**Exercise details**
Below are records with pictures. Reproduce exactly the lines from the line with "Sunrise Medical 900-1086" to the line with "Lemon ice cream", inclusive, and leave each picture out.

━━ Information shown

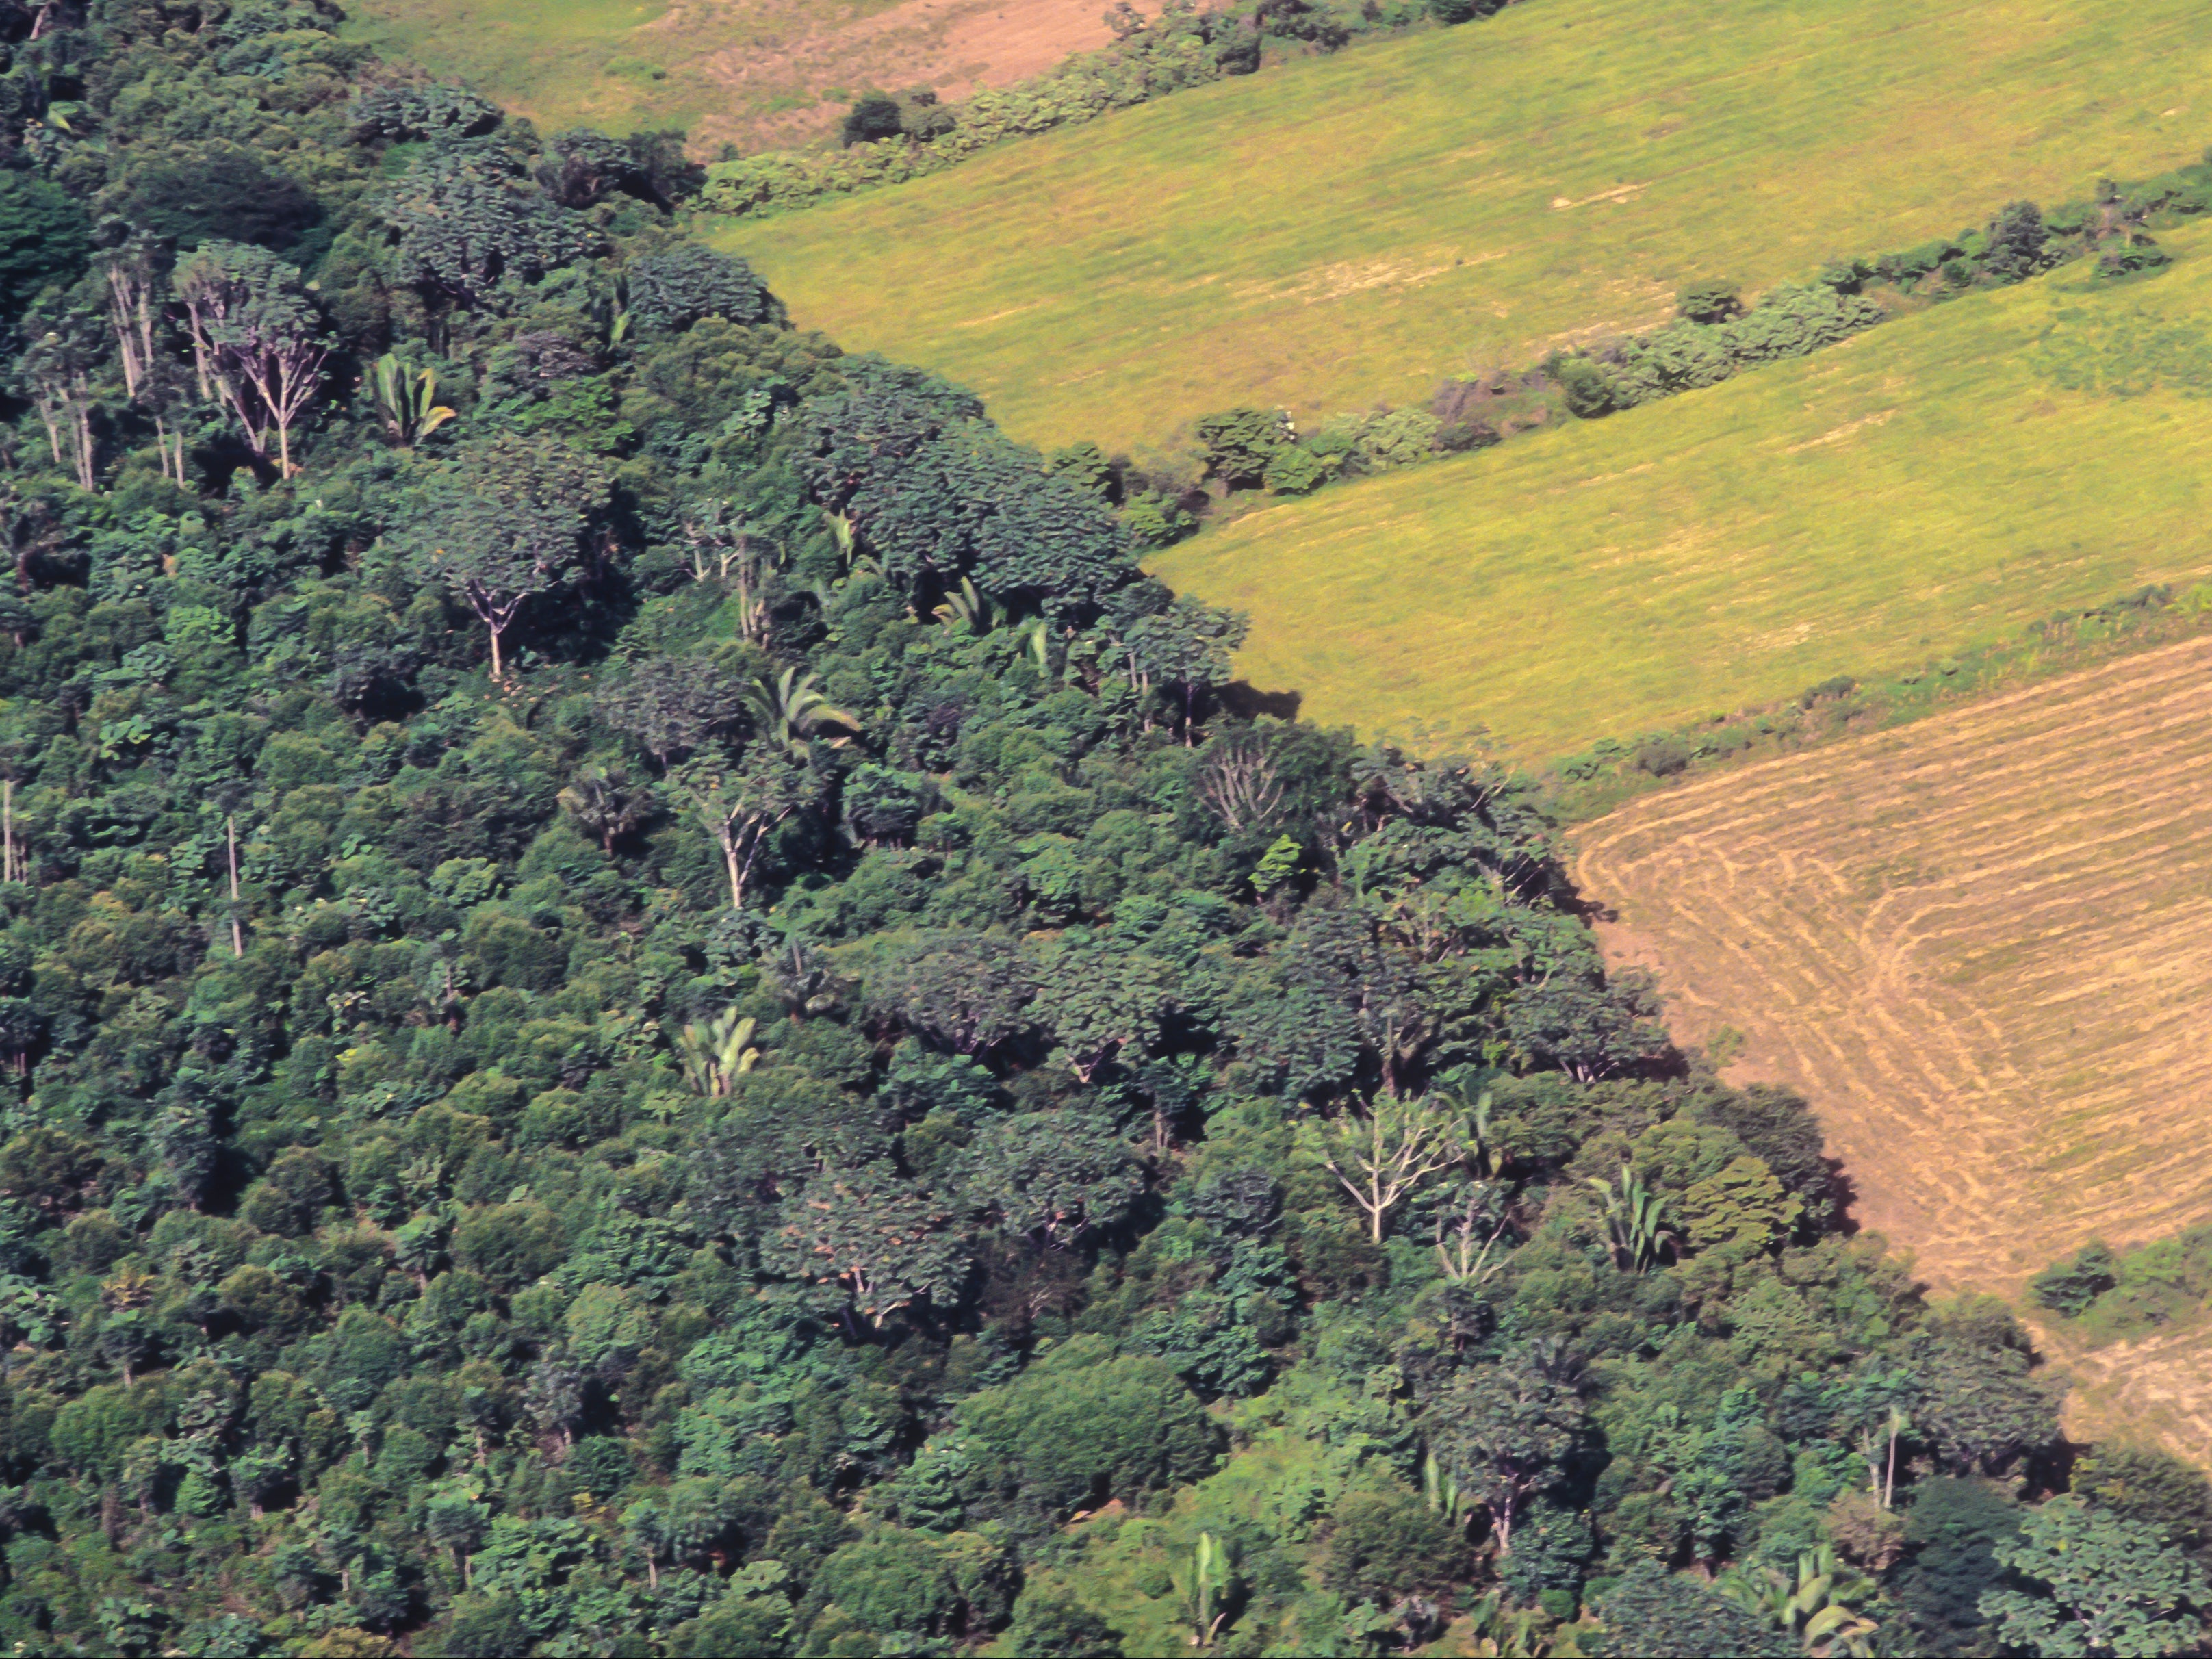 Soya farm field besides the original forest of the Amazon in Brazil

━━━━
━━ Information shown

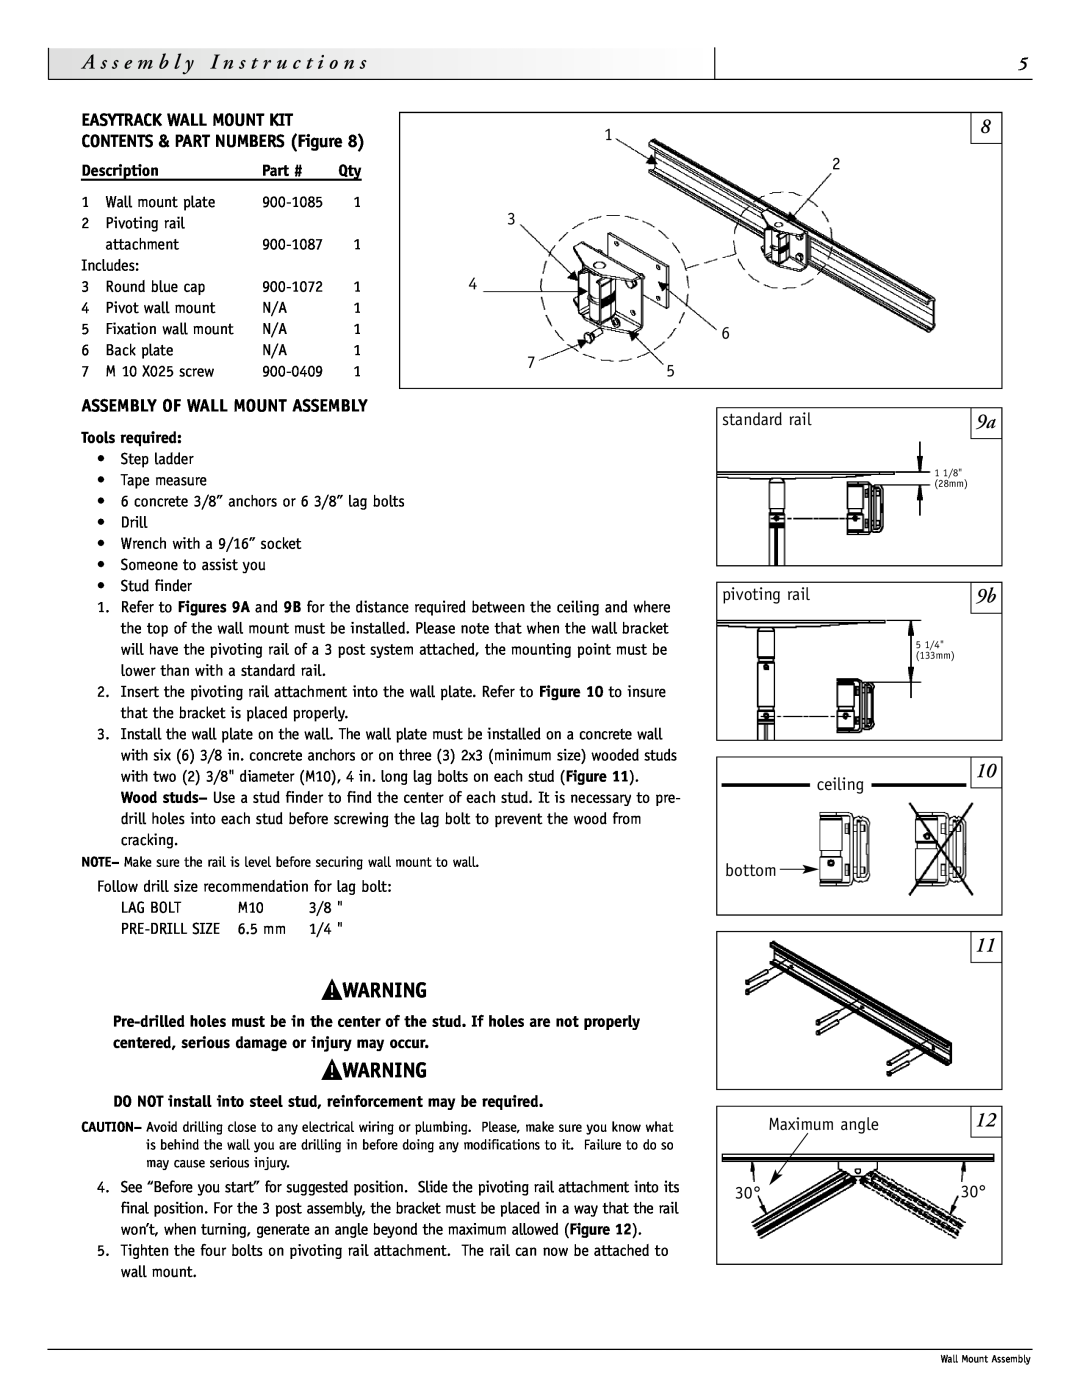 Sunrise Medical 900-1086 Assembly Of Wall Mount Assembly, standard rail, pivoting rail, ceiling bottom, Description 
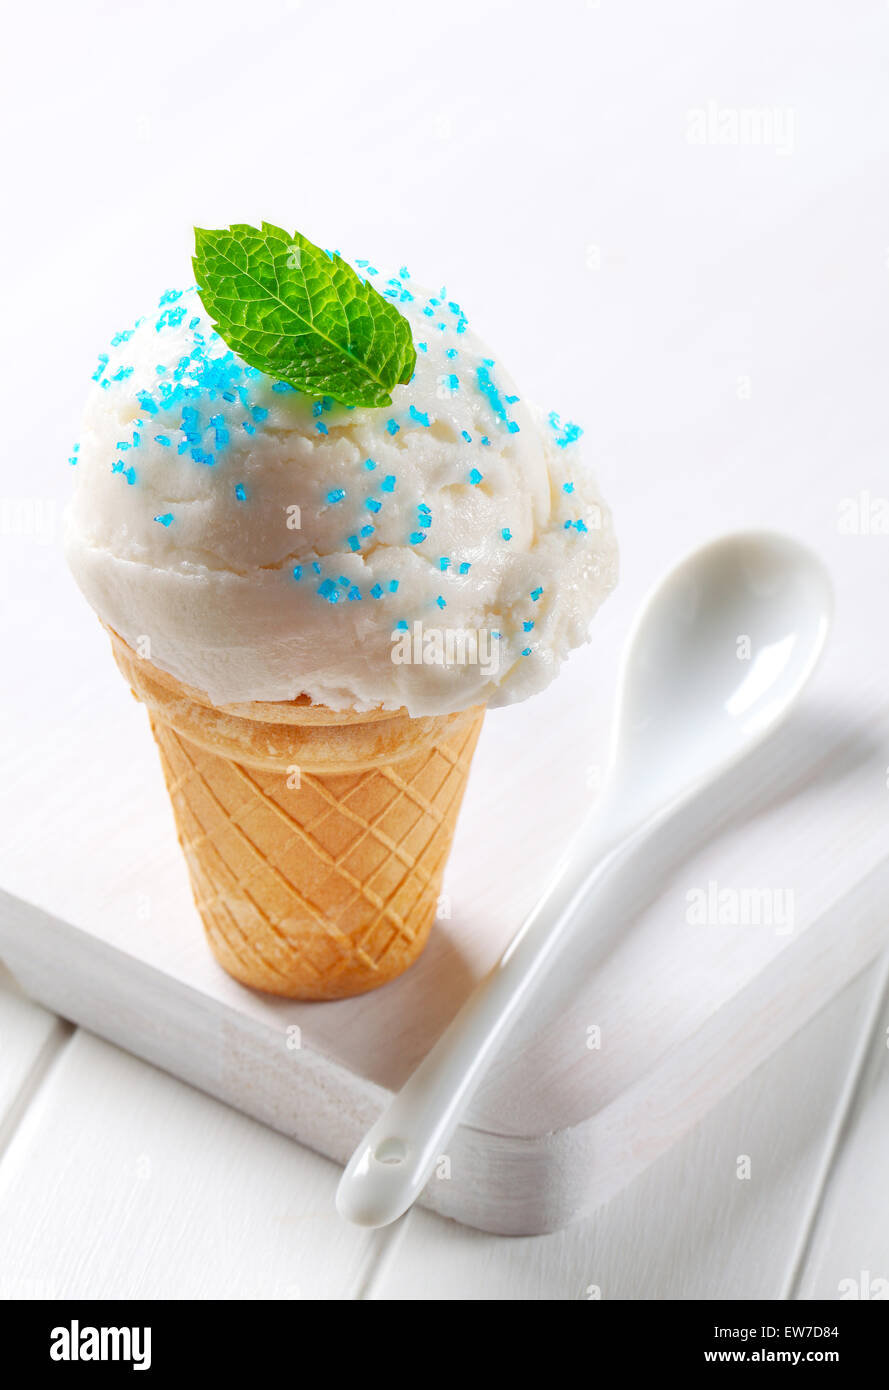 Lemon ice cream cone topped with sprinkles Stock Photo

━━━━
━━ Information shown

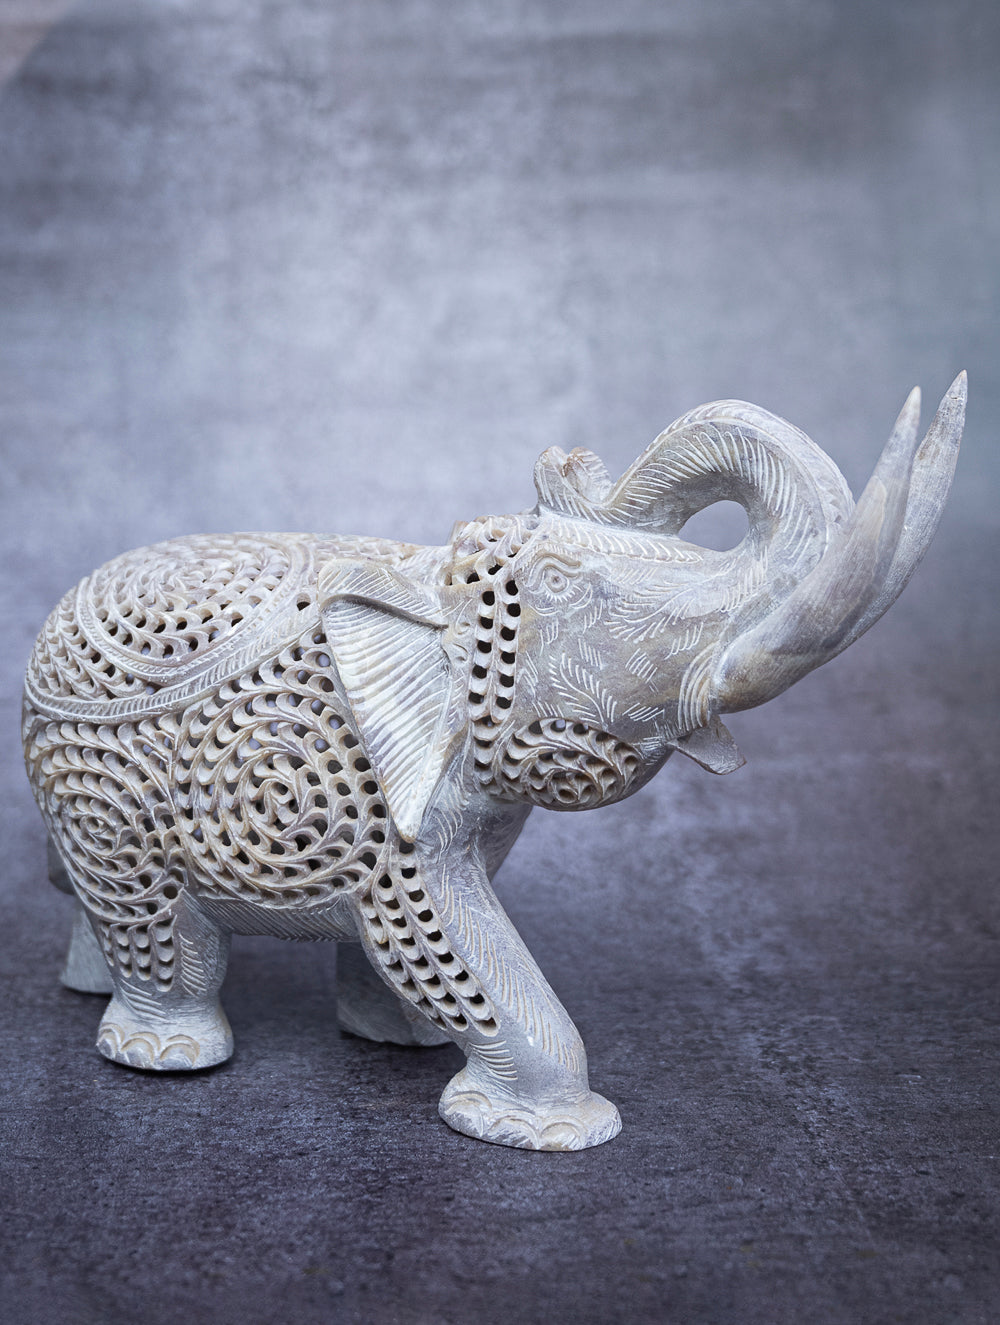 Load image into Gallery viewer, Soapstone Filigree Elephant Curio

━━━━

**Solution**
 Sunrise Medical 900-1086 Assembly Of Wall Mount Assembly, standard rail, pivoting rail, ceiling bottom, Description 
 Lemon ice cream cone topped with sprinkles Stock Photo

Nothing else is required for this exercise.